I was solving an equation in Mathematica and I stepped in the following expression
(2 a A m + h^2 ProductLog[(2 a A E^(-((2 a A m)/h^2)) m)/h^2])/(2 a h^2)
Which is $$\frac{2 A a m+ \hbar^2 W(\frac{2 A a E^{-\frac{2 a A m}{\hbar^2}} m }{\hbar^2})}{2 a \hbar^2} = \frac{A m}{\hbar^2} + \frac{1}{2 a} W\left\{\left(\frac{2 A a E^{-\frac{2 a A m}{\hbar^2}} m }{\hbar^2}\right)\right\}$$
so it's form is $w \,e^{-w}$. I expect, by the little to nothing I know of the Lambert W Function, that $W(w \,e^{+w})=w$ but I do not know what the value of $W(w\,e^{-w})$ would be. Note that if $W(w\,e^{-w})$ is indeed $w$ then the expression simplifies in a very compact way.

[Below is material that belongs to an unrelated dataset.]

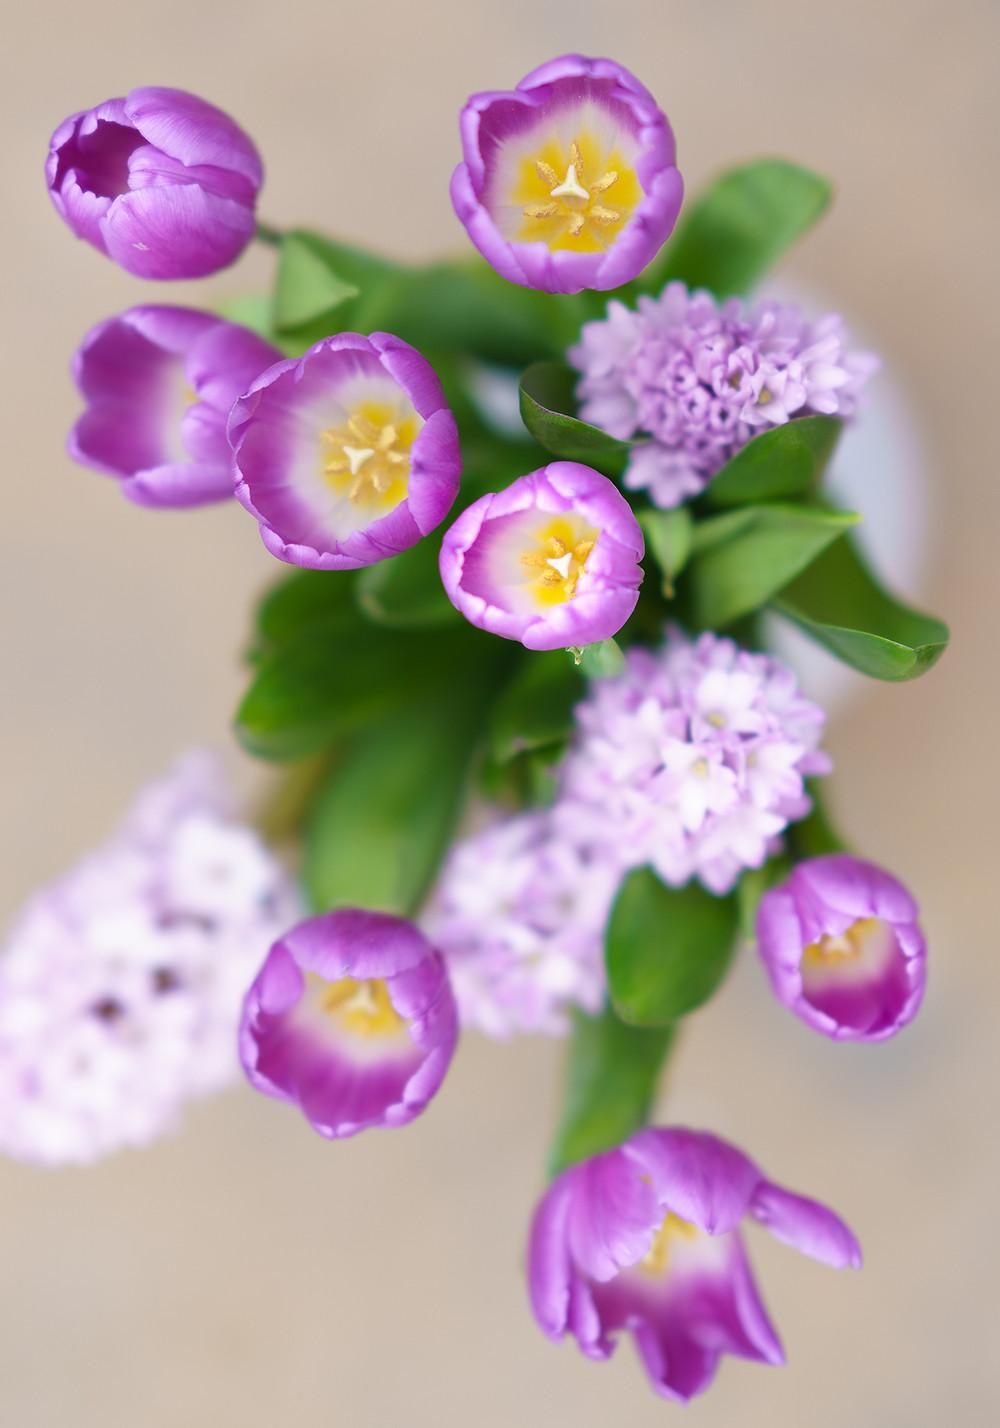 Flower Study - Natural Light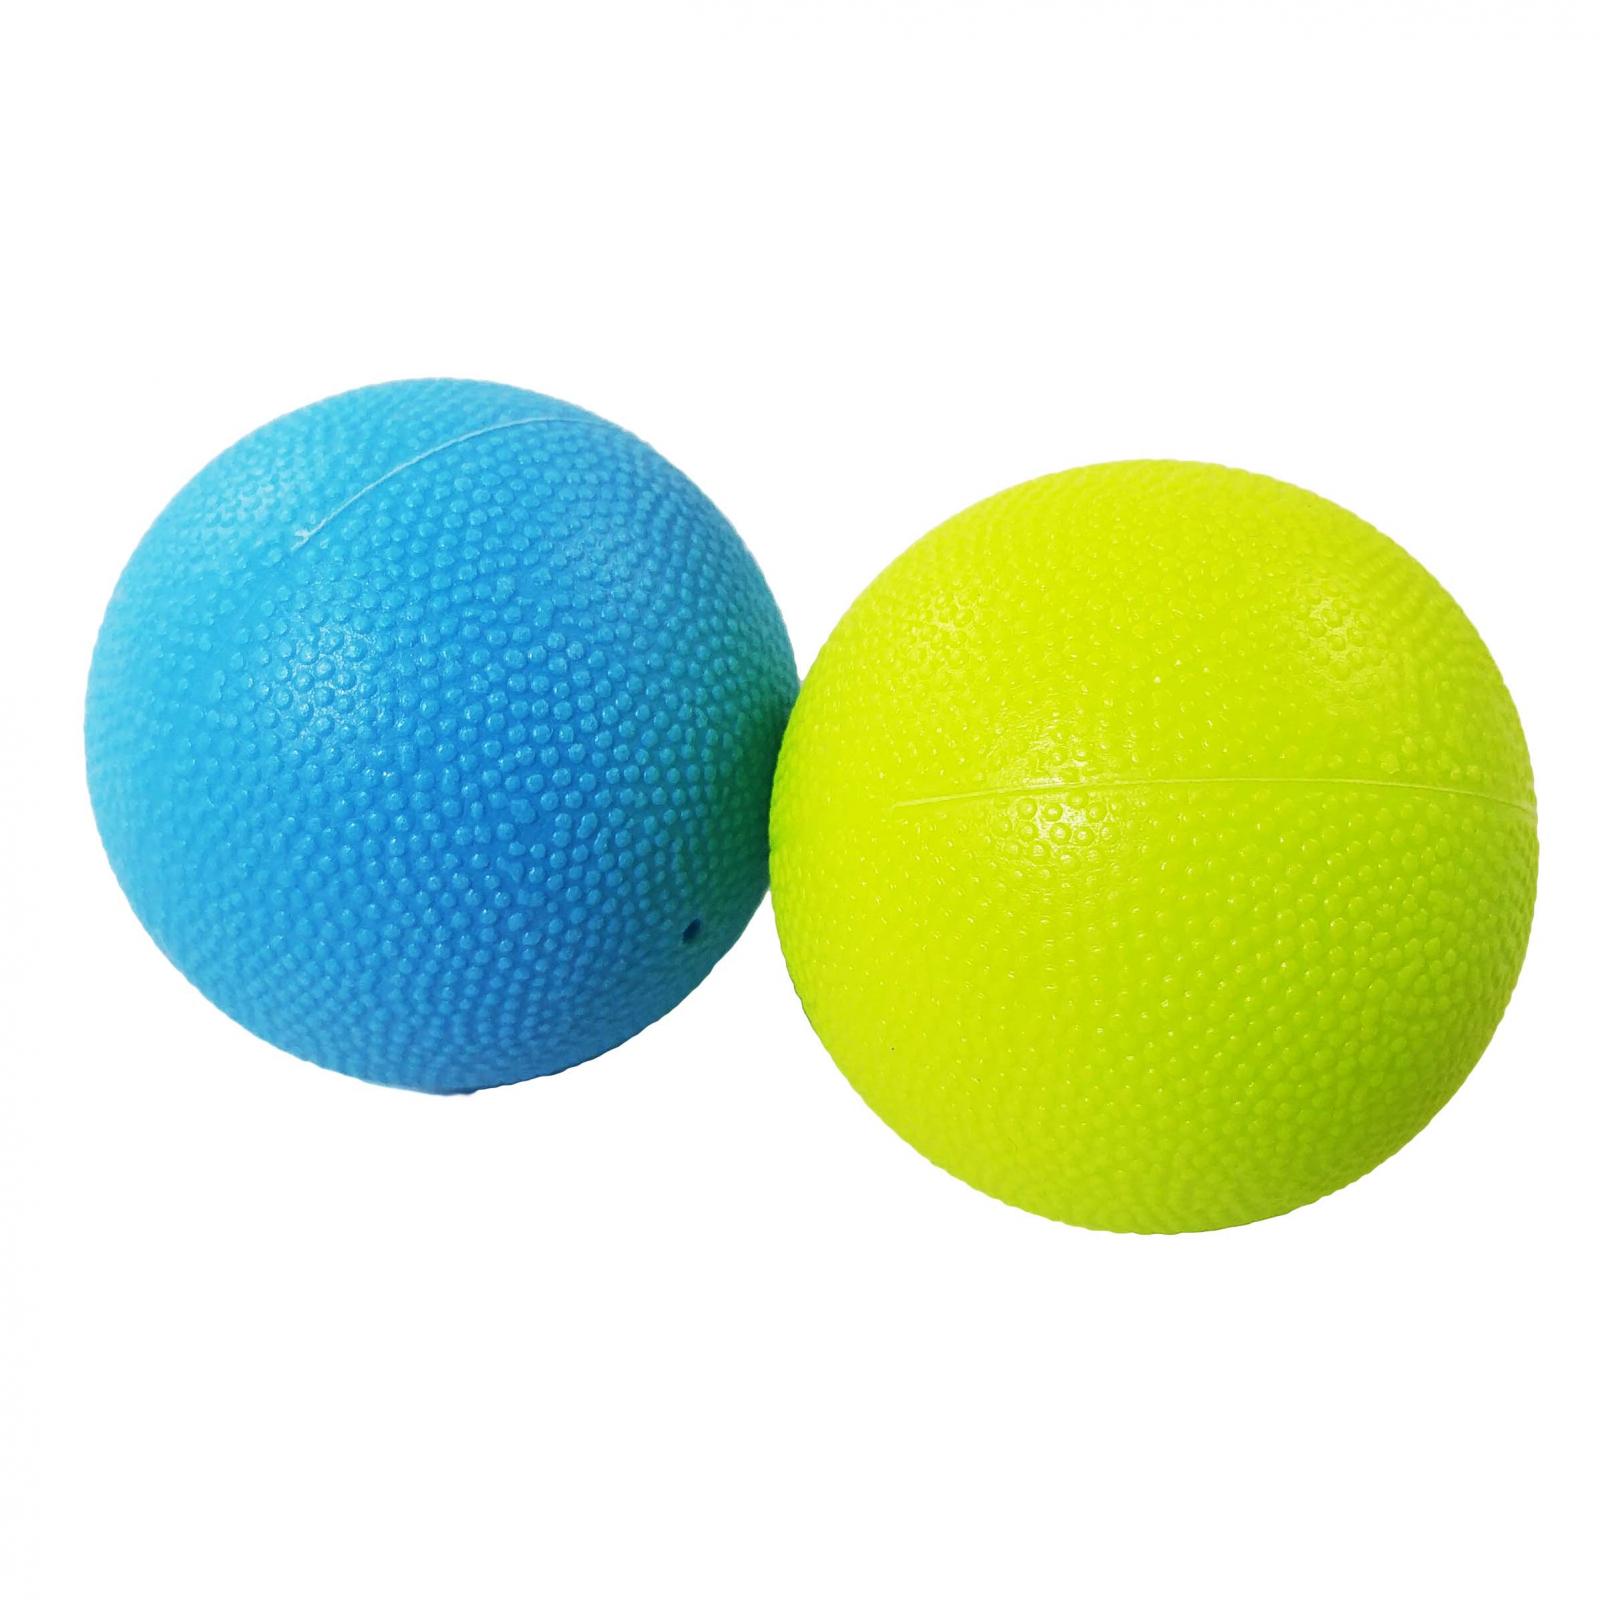 TychoTyke Kids Tennis Rackets Outdoor Exercise Play Set

On the other hand, if it's equivalent to $-w$ it would be reduced to $0$.
Question: what´s the actual value of $W(w e^{-w})$ and how could I have calculated it?
Thanks in advance,
I suppose that plotting $W(x e^{-x})$, you notice that it is a quite strange function. To give you an idea, its expansion around $x=0$ write $$W(x e^{-x})=\sum_{n=1}^\infty (-1)^{n-1} a_n\, x^n$$ the first $a_n$'s making the sequence $$\left\{1,2,4,\frac{28}{3},24,\frac{328}{5},\frac{8416}{45},\frac{173216}{315},\frac {104288}{63},\frac{2878496}{567},\frac{8297792}{525},\frac{517896128}{10395}\right\}$$ which are not in $OEIS$.
If you need to compute its value for a given $x$, you do not have much choice. You will find many subroutines for the computation of $W(t)$.
If you have to solve for $x$ the equation $y=W(x e^{-x})$ (for $y>0$), tak care that there is no solution if $y>W\left(\frac{1}{e}\right)\approx 0.278465$ and otherwise, there are two roots $(0\leq x_1 \leq 1$ and $ 1\leq x_2 <\infty)$.
Edit
If $x>0$, $xe^{-x}$ is small; so, for approximate values, let $t=$xe^{-x}$ and use the series expansion.
You can also have quite good approximations using the $[n+1,n]$ Padé approximants. They will write $$W(t)=t \frac {P_n(t)}{Q_n(t)}$$ I give you below a table of the polynomials $P_n(t)$ and $Q_n(t)$ as well as the maximum error at $t=\frac 1e$
$$\left( \begin{array}{cccc} n & P_n(t) & Q_n(t) & \Delta_n \\ 1 & 1+\frac{t}{2} & 1+\frac{3 t}{2} & 2.20 \times 10^{-3} \\ 2 & 1+\frac{19 t}{10}+\frac{17 t^2}{60} & 1+\frac{29 t}{10}+\frac{101 t^2}{60} & 6.10\times 10^{-5}\\ 3 & 1+\frac{623 t}{190}+\frac{123 t^2}{50}+\frac{1927 t^3}{11400} & 1+\frac{813 t}{190}+\frac{4977 t^2}{950}+\frac{18881 t^3}{11400} & 1.74\times 10^{-6} \end{array} \right)$$
Optimizing the model, a good approximation is $$W(t)=t\frac{1+\frac{5323 }{3340}t+\frac{254 }{1599}t^2}{1+\frac{7205 }{2778}t+\frac{3773 }{3005}t^2}$$ which gives a maximum error significantly smaller than $10^{-7}$.